And later in the chapter (p. 36) we learn Plattes' views on the epigenetic origin of gold from subterranean vapors:



"Now whereas I have formerly affirmed that all mettals in general are
generated of the clammy and gluttenous part of the subterranean vapours,
arising from Bituminous and Sulphurous substances, kindled in the
bowells of the earth: it behooveth me to shew how gold, such a fixed
substance can be found pure of it selfe, and not mixed with other base
mettals.



And the reason of this can be no other, but because that all other
mettalls whatsoever will putrifie in the earth in length of time, and
turne to earth againe; but gold wil never putrifie by reason of his
excellent composition, being made of a Balsamick Sulphur or fatnes,
which is incombustible, and differeth from the Sulphure or fatnes
contained in the other mettals, even as naturall Balsome differeth from
all other oyles, and fat substances: so that though it be an oyle in
shew, yet it will sink in water, whereas all other oyles wil swimme upon
the top of the water...



Now whereas the substance of gold is not subject to putrifie in the
earth by any length of time, it is probable enough that other metalls
might be generated with it at the first, and afterward putrified and
consumed from it in length of time, leaving the gold pure...



And the reason why the hotter the Country is, the richer the Minerals
are, can be no other but the same, that roasted meates are sweeter than
boyled meates, or raw meates: the reason whereof is plaine, for that the
rawish and unsavory part is exhaled by the heate of the fire, leaving
the sweeter part behind.



Even so in hot Countries, all that part of the subterranean vapours,
which here is condensed into Lead, and other base mettalls, can there
have no leave to congeale, by reason of the heate: but is all or most
part therof exhaled out of the Mines, leaving behind the royall metalls,
whose property is to coagulate with heat: whereas the property of the
base metalls is to evapourate with heate and to congeale with cold.




The contrary opinion to this; namely that the substance of the best
metals are convertible into royal mettals by heate and digestion, hath
filled the world with false Books and receipts in Alchimy, and haih
caused many men to spend much money, labour, study, and charges to no
purpose."



We learn from this chapter that Plattes still adhered to the astral
theory that postulated that the sun had considerable influence on the
localization of gold deposits, for he repeatedly advises search for the
precious metal in the hot (tropical) countries.

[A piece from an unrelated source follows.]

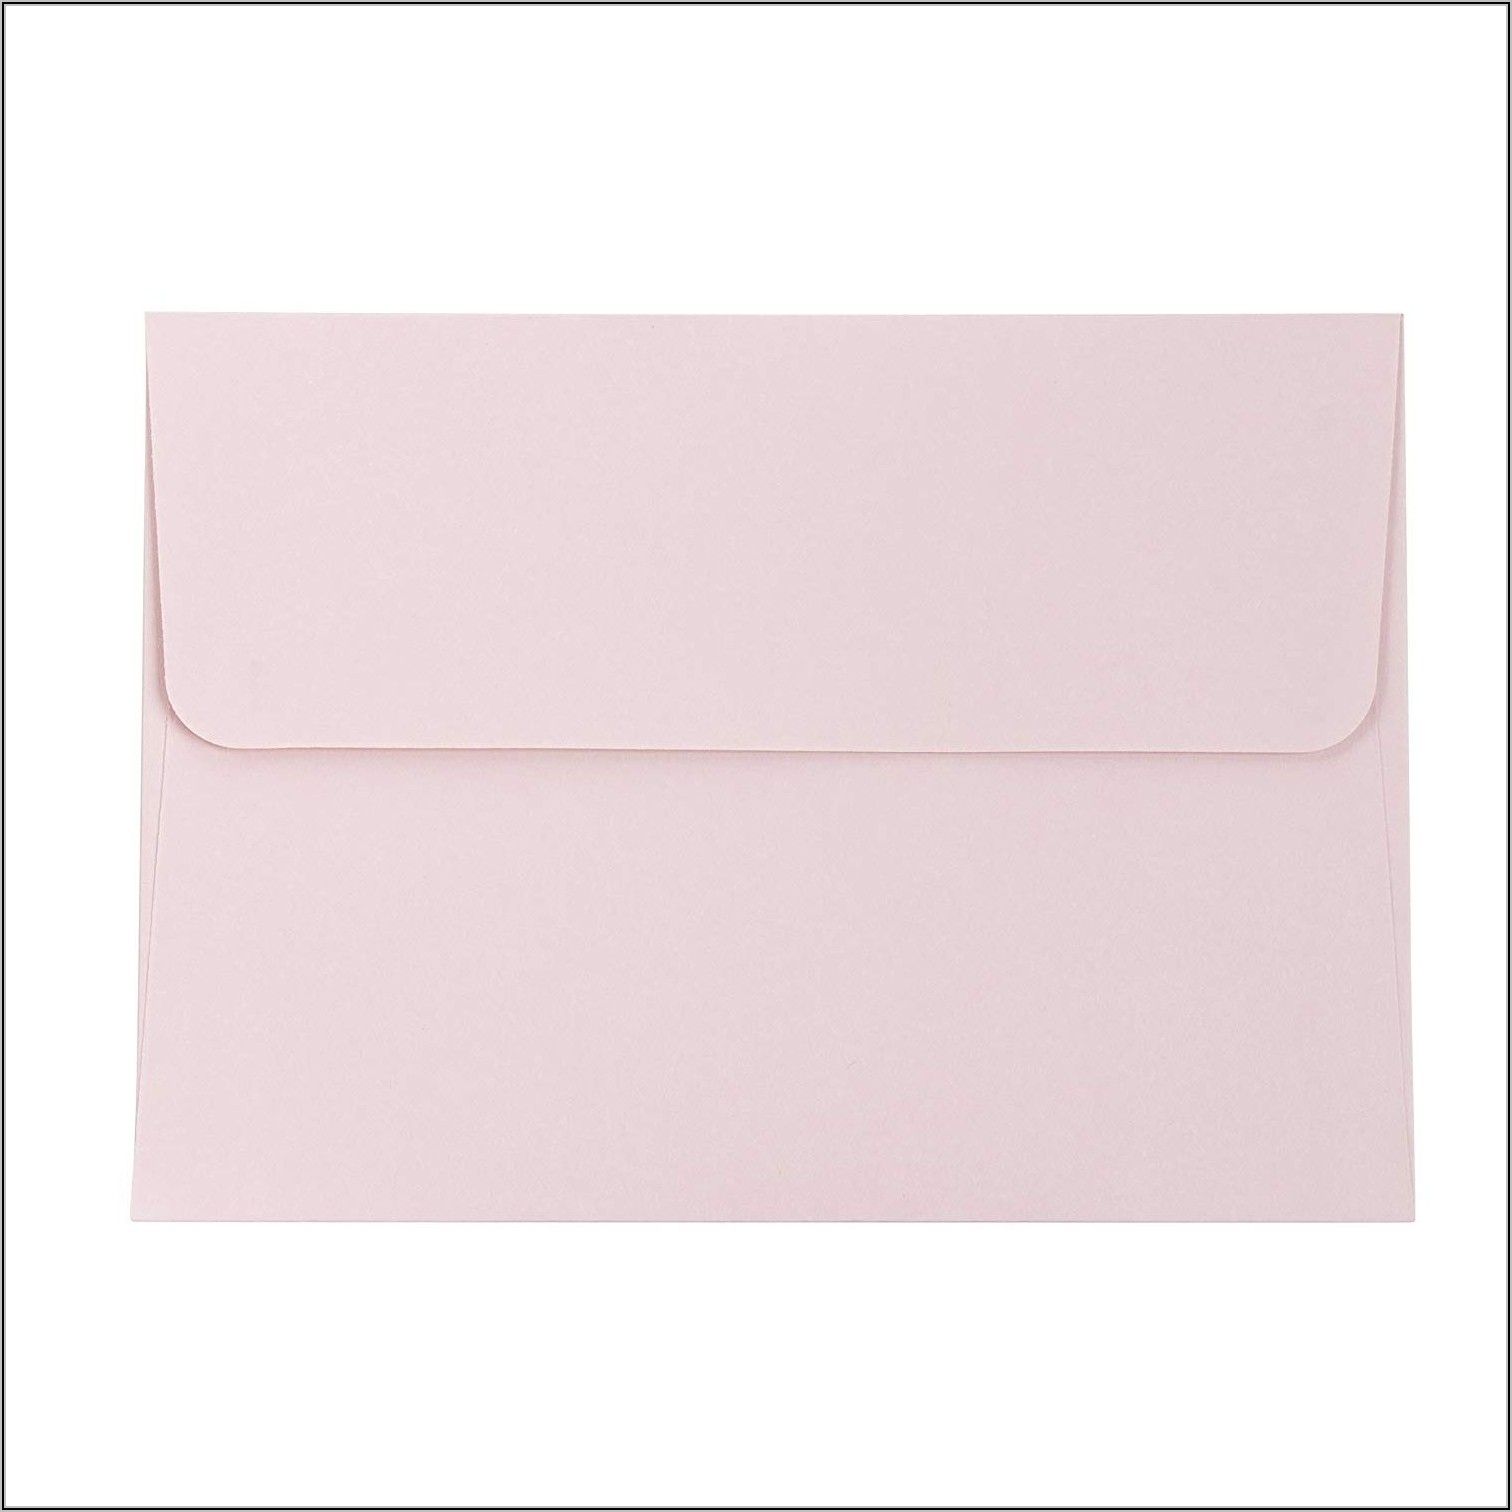 5x7 Rose Gold Envelopes

His explanation of the
nature of gold is partly alchemical although he denies the alchemical
theories of transmutation. His subterraneous vapour (exhalative) theory
of the origin of gold veins seems to have been derived from the
speculations of the Greeks. For the origin of placer gold, Plattes comes
down explicitly on the side of the mechanical weathering origin of
placer gold.



A contemporary of Plattes, Edward Jorden (1569-1632), studied hot
springs extensively, and in his great work Discourse of Naturall Bathes
and Minerall Waters (1631) came to the conclusion that the internal heat
of the earth was due to natural causes and not to a vast internal
coal-fired conflagration or to the penetration of the surfs rays. For
the origin of vein minerals, he advocated a fermentation process based
on the "metallic seed" or "seminary spirit" of the minerals of the
earth:



"There is a Seminarie Spirit of all minerals in the bowels of the
earth, which meeting with convenient matter, and adiuuant causes, is not
idle, but doth proceed to produce minerals, according to the nature of
it, and the matter which it meets withall: which matter it workes upon
like a ferment, and by his motion procures an actuall heate, as an
instrument to further his work; which actuall heate is increased by the
fermentation of the matter."



There is in this statement, shorn of its alchemical connotations, the
seeds of the metamorphic secretion theory of endogenic mineral deposits.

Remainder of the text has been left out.